Для Эмиля мнение его наставников всегда было авторитетно, кроме того, он и сам видел отъезд в Ирргартен таким многообещающим. Отнюдь не амбиции и честолюбие руководили им; некую фатальность, своё предназначение видел он в этом предприятии. Эрнест Фредрикссон поможет всё устроить, мудрец Папп никогда не откажет в совете и рекомендации. Теперь вопрос был решён: отъезд не за горами.

Через несколько минут после завершения разговора Эмиль шёл тихой аллейкой по направлению к дому, вдыхая свежий вечерний воздух, насыщенный после дождя ароматами сырой земли и древесной коры.
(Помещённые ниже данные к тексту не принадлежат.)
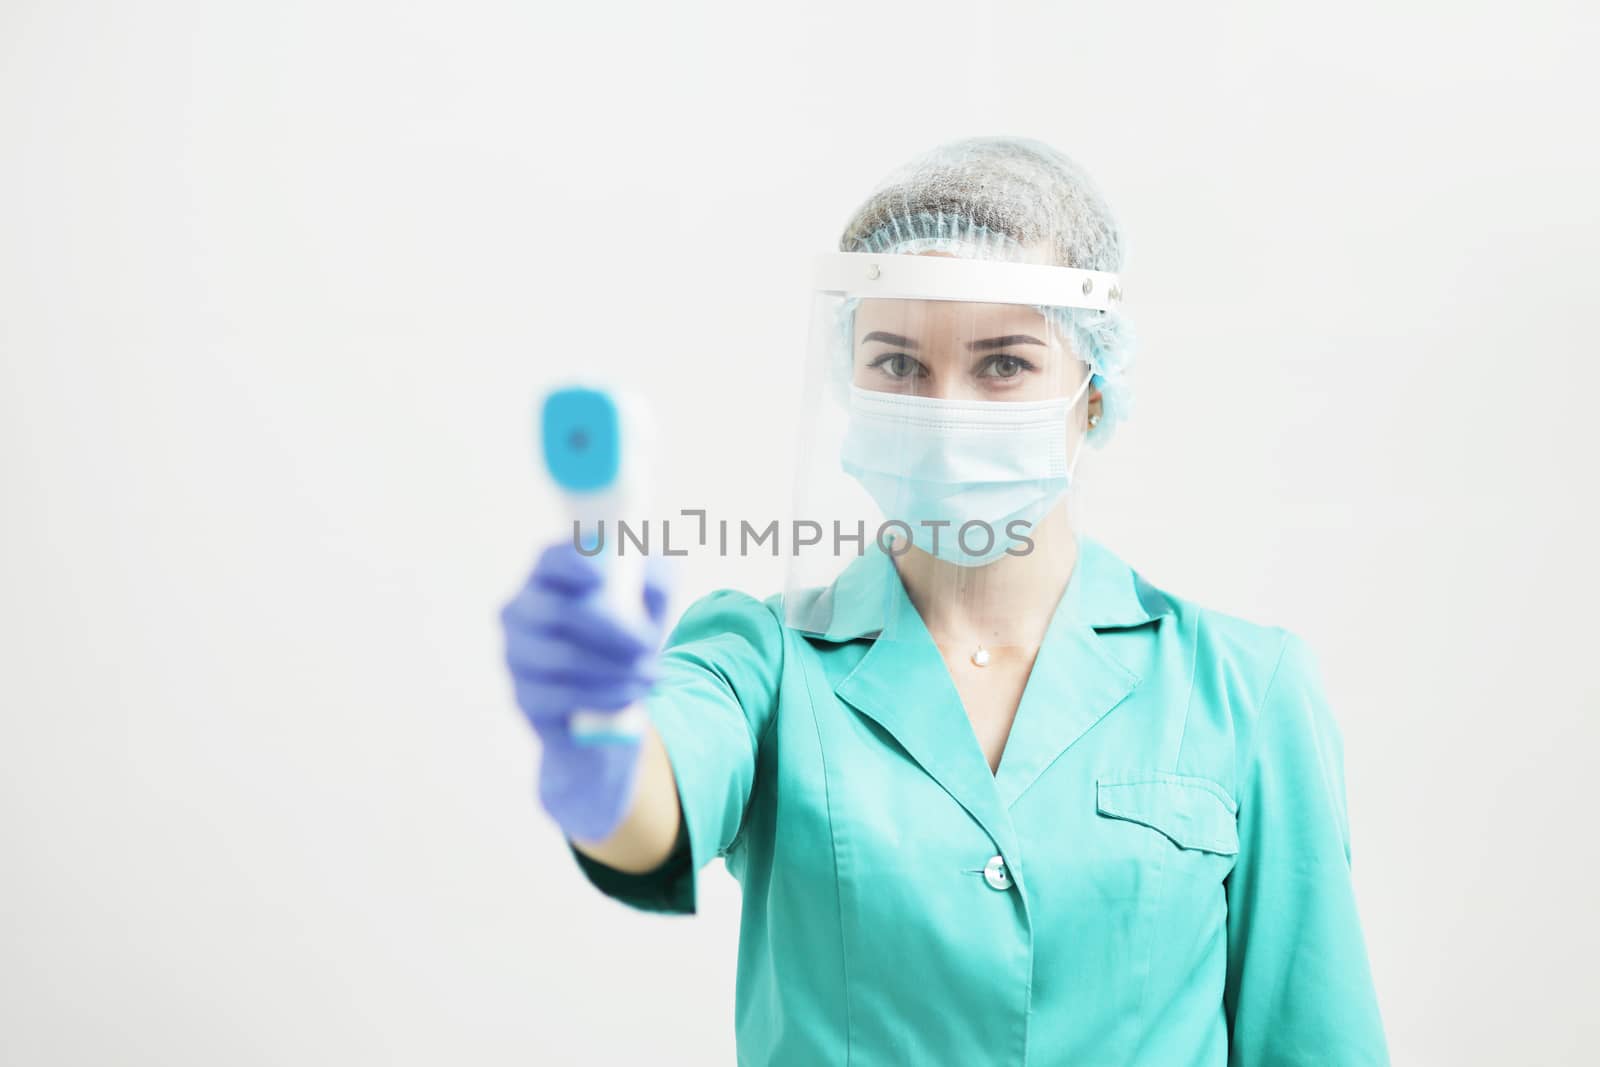 Female doctor or nurse in protective mask at hospital holds pyrometer in hand. Safety measures against the coronavirus. Prevention Covid-19 healthcare concept. Stethoscope over the neck.
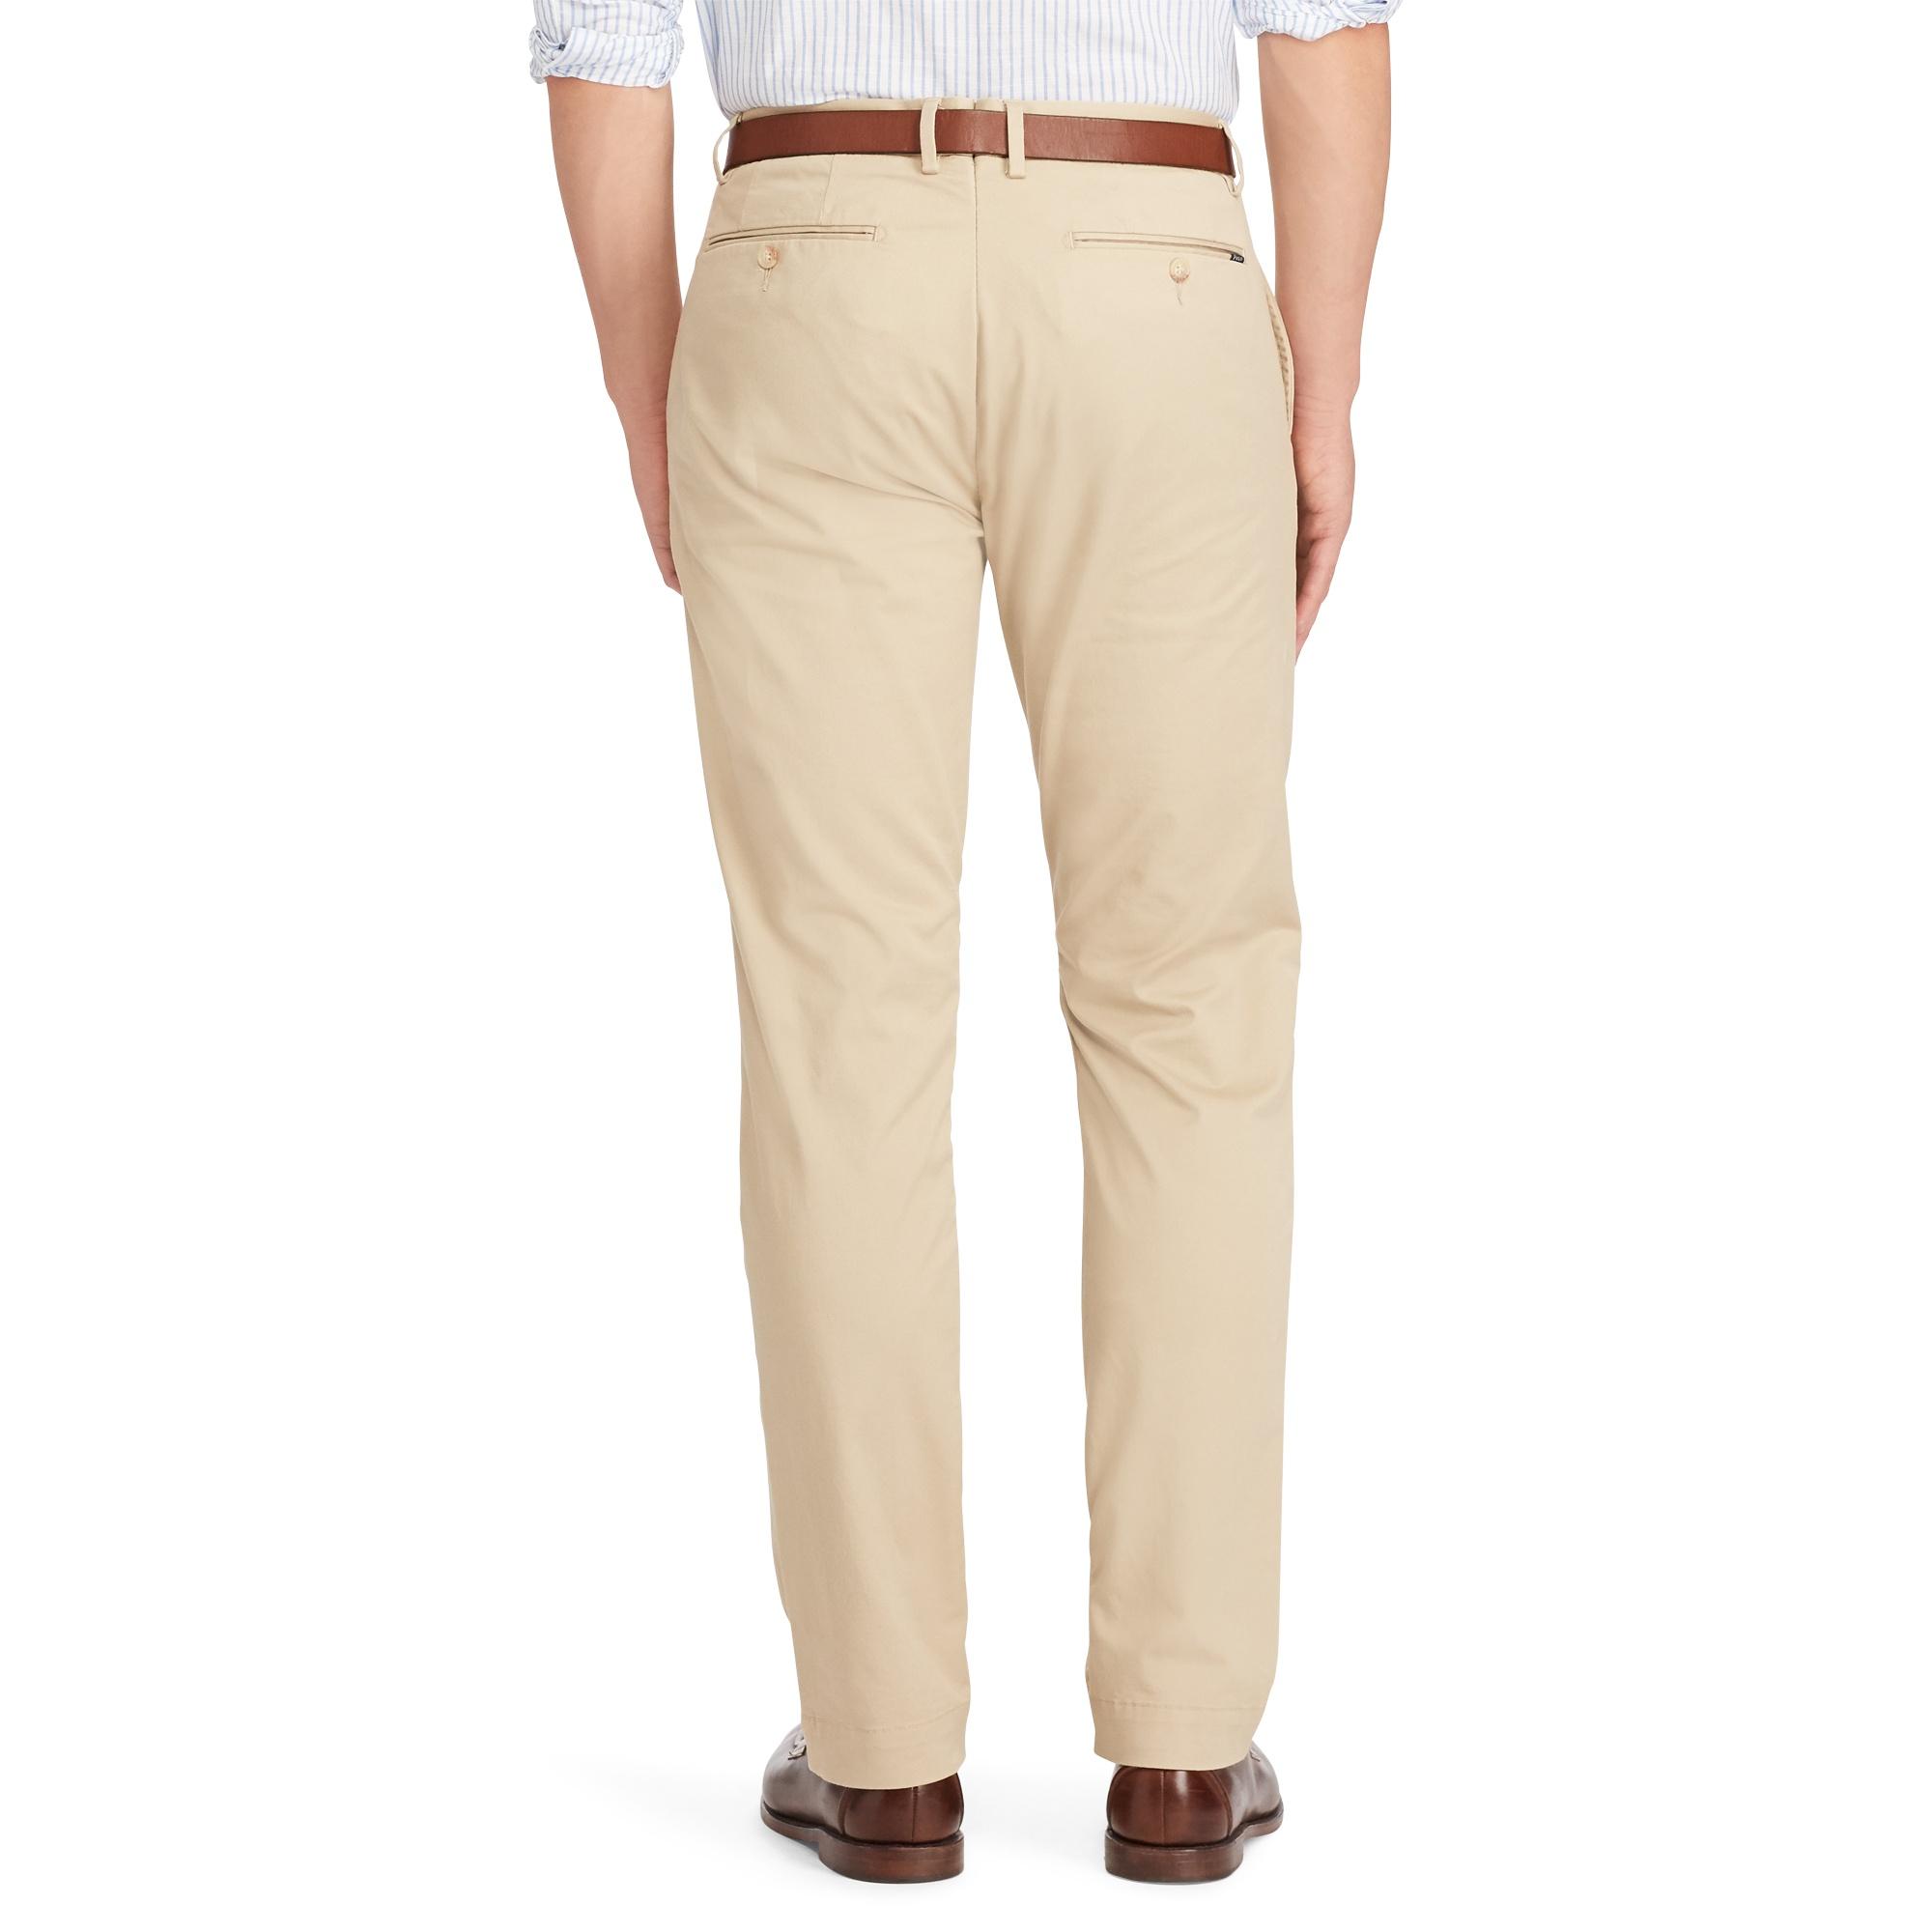 Polo Ralph Lauren Stretch Straight Fit Chino in Natural for Men - Lyst

На предложение гостей – скоротать вечерок и забыться в баре – Эмиль ответил, что терять вечер ему ни к чему, а забываться сейчас незачем, напротив, трезвость сознания и максимальная концентрация внимания будут необходимы для дальнейших репетиций и упражнений. Впрочем, его отношение к спиртному не было крайне негативным, порой он мог пропустить рюмочку, пошутив при этом насчёт одного примера из древнекитайской философии, когда художник, злоупотребляя вином, мотивировал это тем, что для соединения со своим духовным проводником, посылающим вдохновение, надлежит выпить определённую долю спиртного либо соматического напитка. Но любые вечеринки и пирушки казались Эмилю страшными оргиями и вакханалиями, оказывающими пагубное, нервнопаралитическое воздействие.

Придя домой, Эмиль тотчас сел за рояль и начал играть пьесу Жана-Филиппа Рамо Le rappel des oiseaux [«Перекликание птиц» (фр.)]. Почему-то именно это произведение вспомнилось ему по дороге. Он играл больше часа, вновь и вновь повторяя эту пьесу, каждый раз как впервые. Сыграв в последний раз, Эмиль долго, зажав педаль, не снимал пальцев с клавиш, пока последний звук плавно не слился с тишиной. За окном было уже темно, в комнате горела лишь одна настольная лампа, отбрасывая на письменный стол свои тусклые лучи. Он закрыл крышку рояля, неторопливо поднялся, повесил пиджак на спинку стула, затем прилёг на диван и стал смотреть на раскачивающийся маятник старинных настенных часов, деревянных, резных, оставшихся ему от деда. Усталость в конце столь деятельно проведённого дня дала о себе знать, и вскоре Эмиль заснул.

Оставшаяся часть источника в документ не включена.